Re: [PATCH 00/19] mm: Support huge pfnmaps
From: Oliver Upton
Date: Wed Aug 14 2024 - 19:28:14 EST
On Wed, Aug 14, 2024 at 01:54:04PM -0700, Sean Christopherson wrote:
> TL;DR: it's probably worth looking at mmu_stress_test (was: max_guest_memory_test)
> on arm64, specifically the mprotect() testcase[1], as performance is significantly
> worse compared to x86,
Sharing what we discussed offline:
Sean was using a machine w/o FEAT_FWB for this test, so the increased
runtime on arm64 is likely explained by the CMOs we're doing when
creating or invalidating a stage-2 PTE.
Using a machine w/ FEAT_FWB would be better for making these sort of
cross-architecture comparisons.
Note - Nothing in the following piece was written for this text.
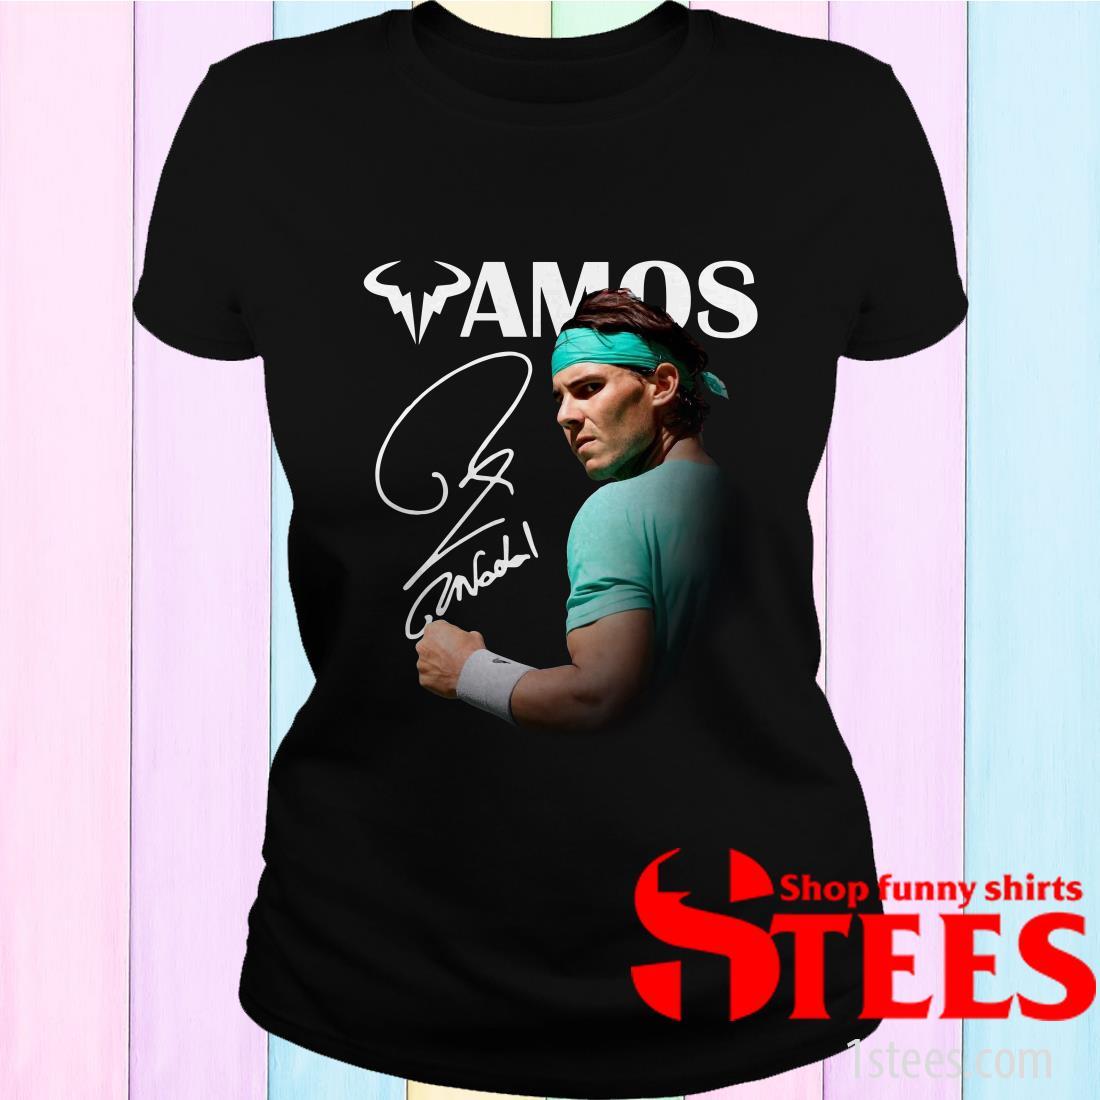 Vamos Rafael Nadal Signature T-Shirt

Beyond CMOs, we do have some
> and there might be bugs lurking the mmu_notifier flows.
Impossible! :)
> Jumping back to mmap_lock, adding a lock, vma_lookup(), and unlock in x86's page
> fault path for valid VMAs does introduce a performance regression, but only ~30%,
> not the ~6x jump from x86 to arm64. So that too makes it unlikely taking mmap_lock
> is the main problem, though it's still good justification for avoid mmap_lock in
> the page fault path.
I'm curious how much of that 30% in a microbenchmark would translate to
real world performance, since it isn't *that* egregious. We also have
other uses for getting at the VMA beyond mapping granularity (MTE and
the VFIO Normal-NC hint) that'd require some attention too.
--
Thanks,
Oliver